Arbor has many tools at its disposal to handle distress, including refinancing, agency takeouts through Arbor’s Fannie Mae or Freddie Mac programs, modifications and replacing the equity sponsor, he said.

The latter option is what Arbor did when it foreclosed on a $229M portfolio of multifamily properties in Houston last year and foreclosed on more this quarter, Laws said.

Asked about the “slumlord” label short seller Viceroy slapped on the company and whether Arbor was worried assets and loans in its portfolio were of insufficient quality to be refinanced into permanent Freddie Mac or Fannie Mae loans, Kaufman said Arbor's sole motivation for making bridge loans was to turn them into agency loans.

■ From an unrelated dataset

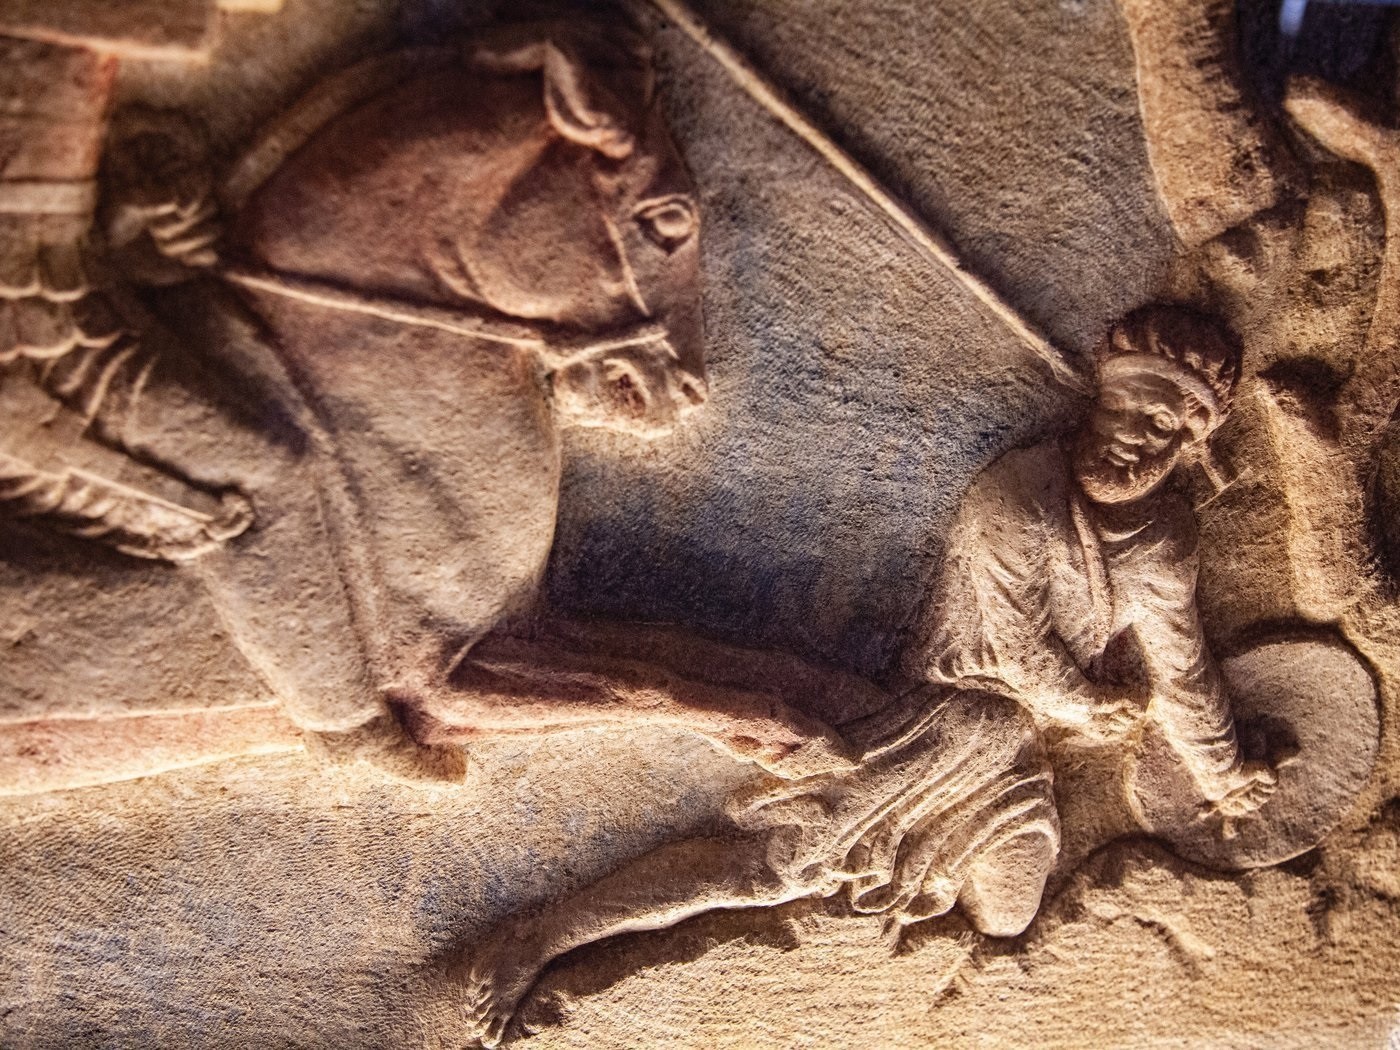 Λεπτομέρεια σαρκοφάγο του 4ου π.Χ. αιώνα, που πιστεύεται ότι απεικονίζει μια σκηνή μάχης Περσών και Ελλήνων. Βρέθηκε κοντά στην Τροία

“You have to have a quality sponsor and you have to have a quality asset. So our idea, of course, is that every sponsor that we take on is going to perform correctly,” he said. “Not all sponsors do that, and ... sometimes they'll be a sponsor who couldn't hit his business plan or who had all the problems or isn't what we thought and they don't qualify. That's just the way it goes. Nobody is perfect.”

But Arbor expects to convert between 75% and 80% of its loans to agency status and sell the rest to new ownership, he said.